The FINANCIAL — London-06 June 2011: Fitch Ratings has assigned Phedina Hypotheken 2011-I B.V.'s EUR1,500bn mortgage-backed notes expected ratings, as follows:
EUR300,000,000 floating-rate Class A1 mortgage-backed notes: 'AAAsf(exp)'; Outlook Stable; Loss Severity Rating 'LS-1'
EUR1,130,000,000 floating-rate Class A2 mortgage-backed notes: 'AAAsf(exp)'; Outlook Stable; Loss Severity Rating 'LS-1'
EUR70,000,000 floating-rate Class B mortgage-backed notes: 'BBBsf(exp)'; Outlook Stable; Loss Severity Rating 'LS-1'
EUR30,000,000 floating-rate Class C mortgage-backed notes: not rated
The final ratings are subject to the receipt of final documents conforming to information already received.
The notes are backed by mortgage loans originated in the Netherlands and owned by BNP Paribas Personal Finance B.V. (BNP PF or the seller, unrated) a wholly-owned subsidiary of BNP Paribas S.A. (BNP Paribas, rated 'AA-'/Stable/'F1+'). The expected ratings are based on Fitch's assessment of the underlying collateral, available credit enhancement (CE), the seller's origination and underwriting procedures, the servicing capabilities of BNP PF and Novalink B.V. and the transaction's financial and legal structure.
CE for the class A notes will initially total 6.67%, which is provided by the subordination of the class B notes (4.67%) and a fully funded non-amortising reserve account (2.00%). Throughout the transaction's life, the reserve account can be used to pay shortfalls of interest due on the class A notes only. Once the outstanding balance of the mortgages has been reduced to zero, the reserve fund will then be available to pay principal due on the class A notes, interest due on the class B notes and principal due on the class B notes, among other things. As such, the reserve fund covers liquidity risk during the transaction and covers credit risk at the end of the transaction. Under the interest rate swap agreement, the swap counterparty pays the interest on the notes in exchange for the scheduled interest on the mortgages, interest earned on the guaranteed investment contract account, less senior fees and excess spread of 0.50%.

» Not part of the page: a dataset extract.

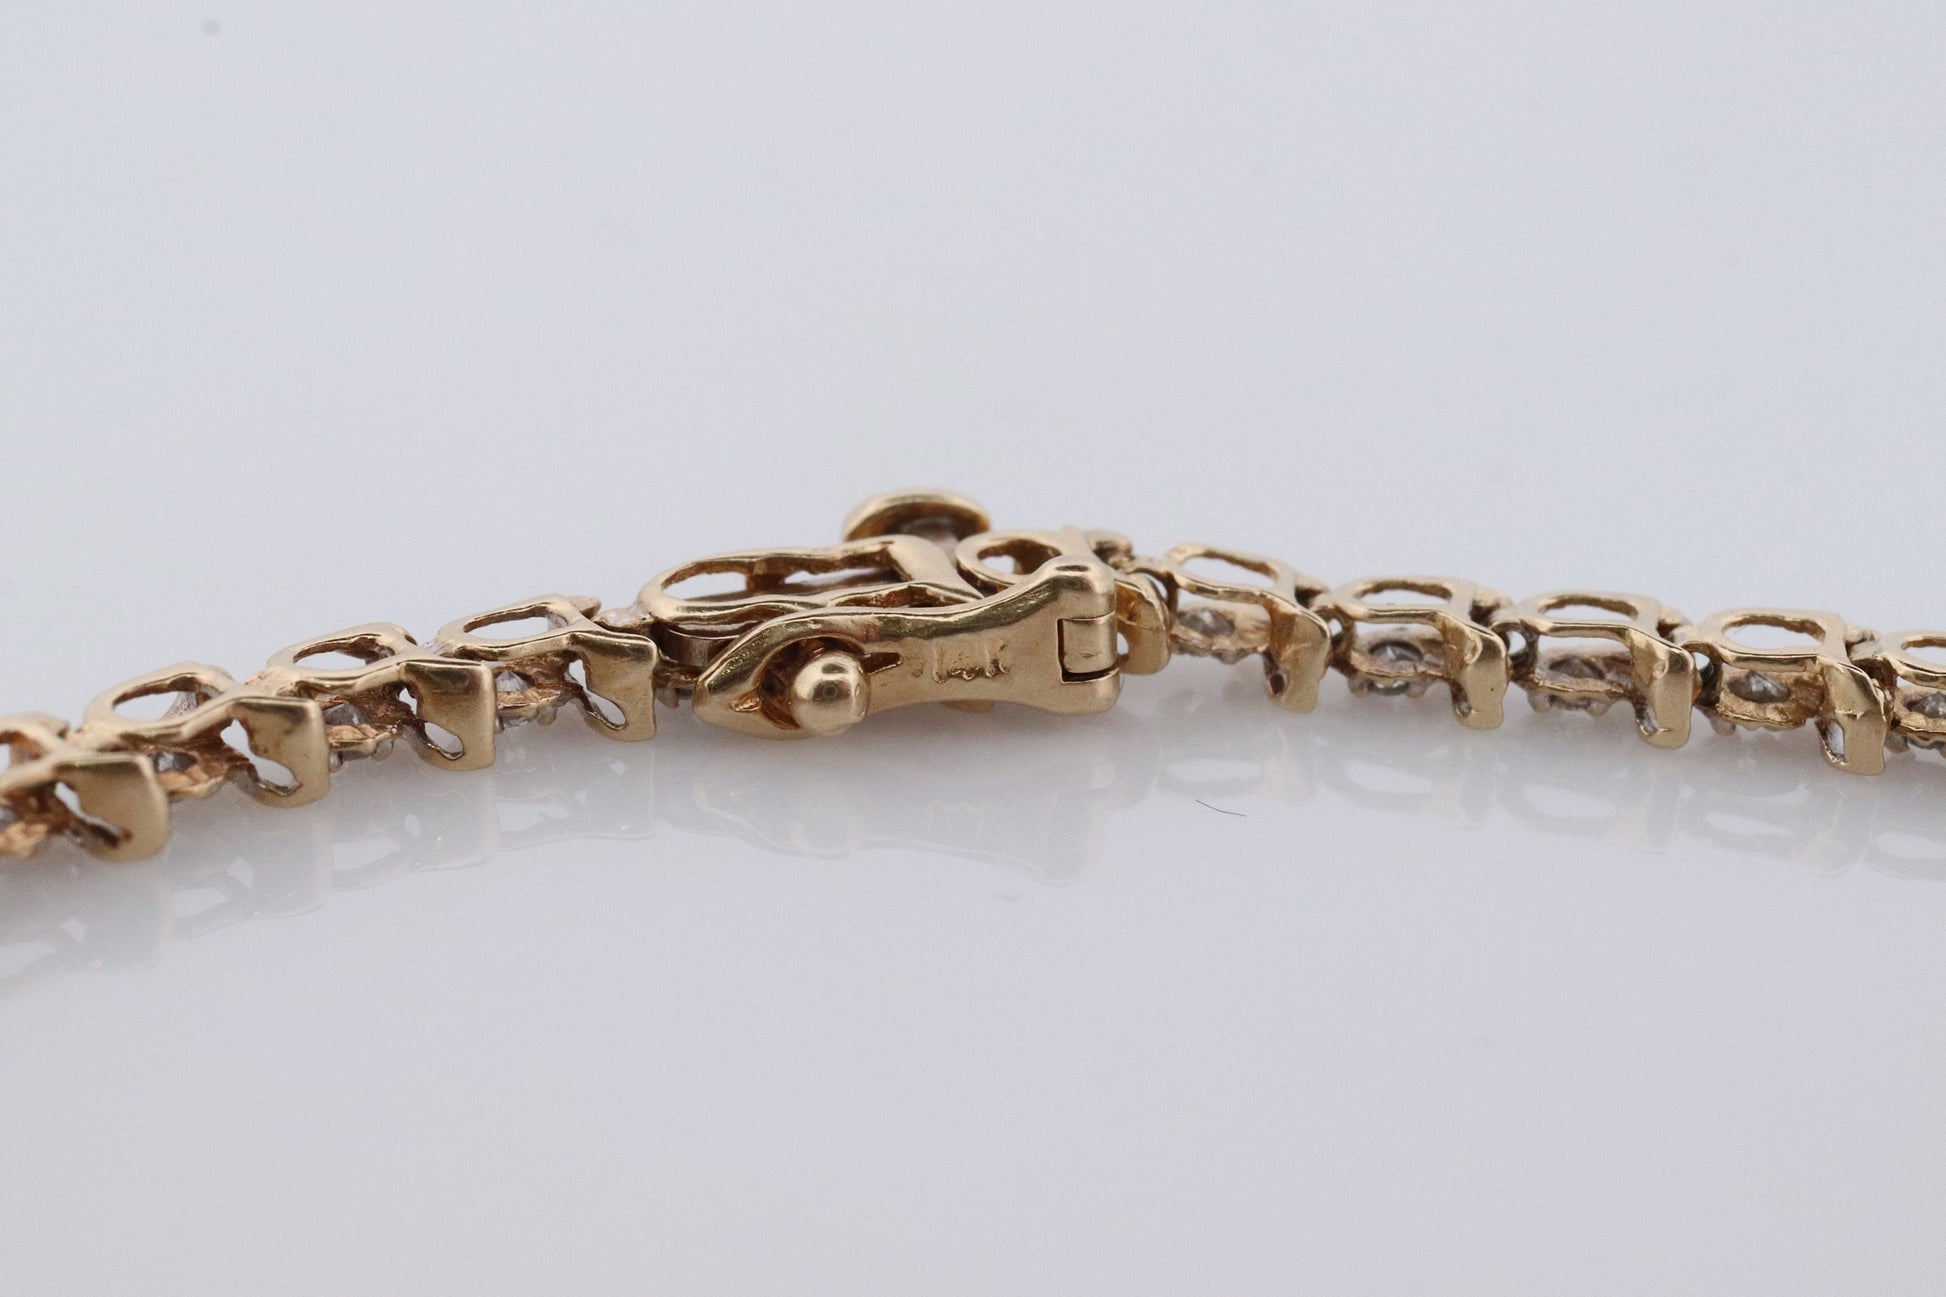 14k Diamond Tennis Bracelet. 14k S-LINK round diamond Tennis bracelet.

To analyse the CE levels, Fitch evaluated the collateral using its default model, details of which can be found in the reports entitled "EMEA Residential Mortgage Loss Criteria", dated 23 February 2010 and "EMEA Criteria Addendum – Netherlands", dated 8 March 2011, which are available on www.fitchratings.com). The agency assessed the transaction cash flows using default and loss severity assumptions indicated by the default model under various structural stresses including prepayment speeds and interest rate scenarios. The cash flow tests showed that each class of notes could withstand loan losses at a level corresponding to the related stress scenario without incurring any principal loss or interest shortfall and can retire principal by the legal final maturity.
BNP PF provided Fitch with a loan-by-loan data template which was of good quality. The collateral review of the mortgage portfolio involves reviewing vintage performance data which Fitch uses to validate its frequency of foreclosure assumptions. BNP PF was able to provide the agency with (i) dynamic three-month plus arrears data; and (ii) cumulative six-month plus arrears data by vintage. In Fitch's opinion, mortgage loans originated by BNP PF in the earlier vintages have performed worse than other Dutch lenders, whilst loans originated in recent years have outperformed other Dutch lenders. Although 84% of the pool has been originated from January 2008, there is limited performance data relating to these vintages. Consequently, Fitch has applied an increase to its standard frequency of foreclosure assumptions.
BNP PF also provided loan-by-loan repossession data on all foreclosed properties over the past few years, which Fitch uses to validate its loss severity and recovery assumptions. In Fitch's opinion, the estimated quick sale adjustment, loss severity and recovery rates were slightly better than other lenders, Consequently, Fitch did not apply any additional adjustments to the standard assumptions.